This article was published 29/10/2022 (224 days ago), so information in it may no longer be current.
The Winnipeg Free Press is celebrating its 150th anniversary this year and we are taking a look back at two influential players in the paper’s history.
Tom Kent: Tasked with making newspaper’s coverage less partisan
The death of John W. Dafoe on Jan. 9, 1944 left a huge void at the Winnipeg Free Press. Replacing the great editor was no easy task. George Ferguson, with help from publisher Victor Sifton, served as the editor for two years, followed by Grant Dexter from 1946 to 1954.

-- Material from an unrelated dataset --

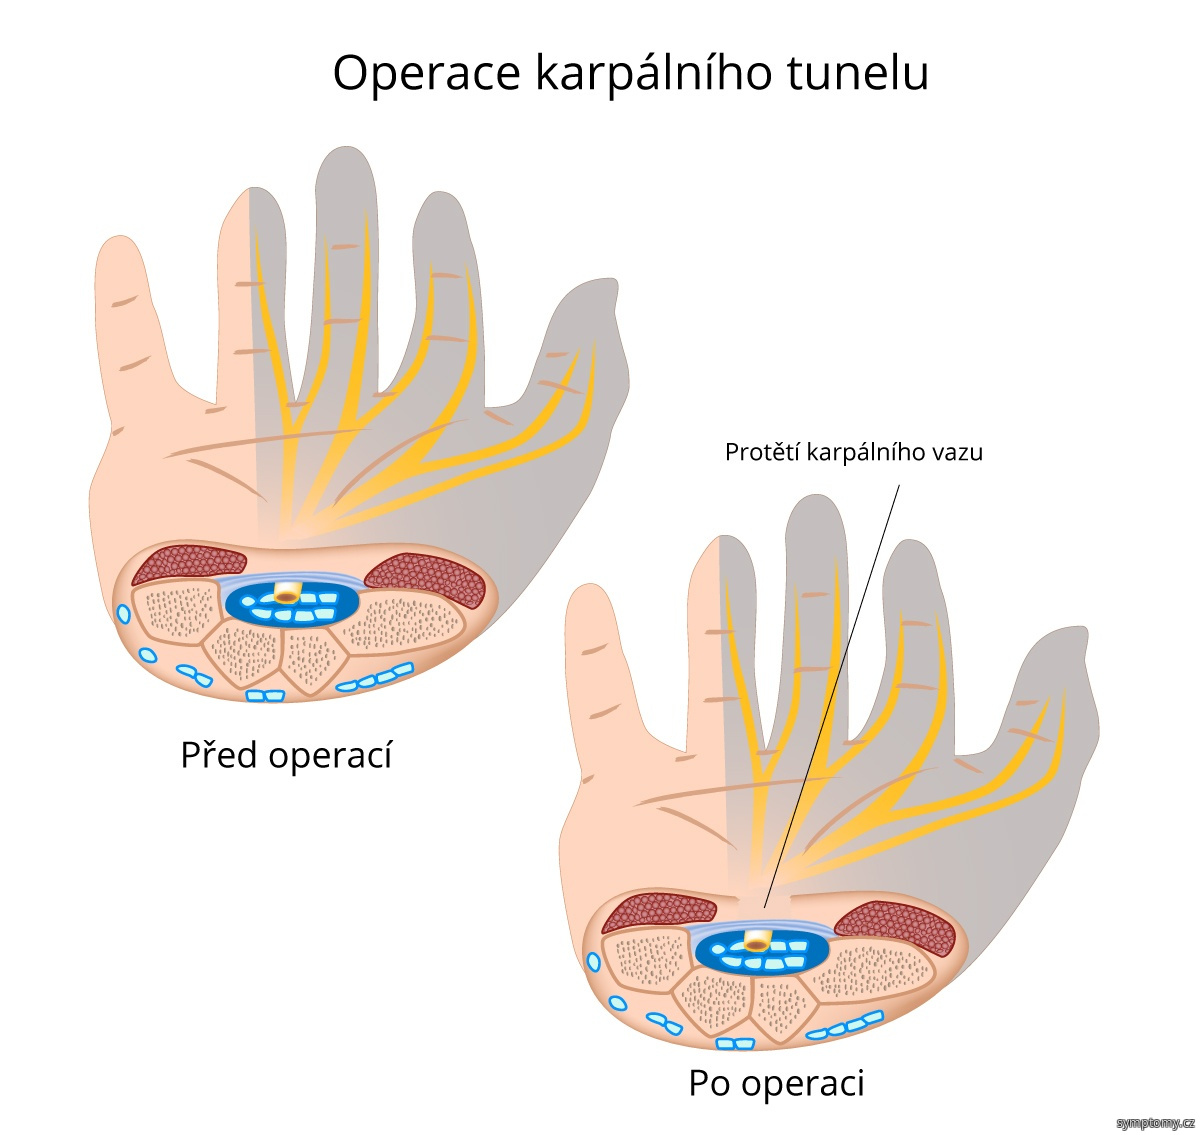 Operace karpalniho tunelu - protětí karpálního vazu

In 1951, with Dexter wanting to return to Ottawa, Sifton began a two-year recruitment of Tom Kent, then the assistant editor of the Economist, having also had the same position with the prestigious Manchester Guardian (today, the Guardian).
Born in the West Midlands town of Stafford, England, in 1922, Kent was educated at Oxford University, where he excelled at philosophy, politics and economics. During the Second World War, he worked as a codebreaker at Bletchley Park and later began a career as an editorial writer. Though he was to live in Canada for 60 years, his English accent was as sharp as it was the day he arrived at the Free Press in 1954 to assume his position as editor. Sifton had given him a mandate to modernize the paper, which also meant making its news coverage less overtly partisan.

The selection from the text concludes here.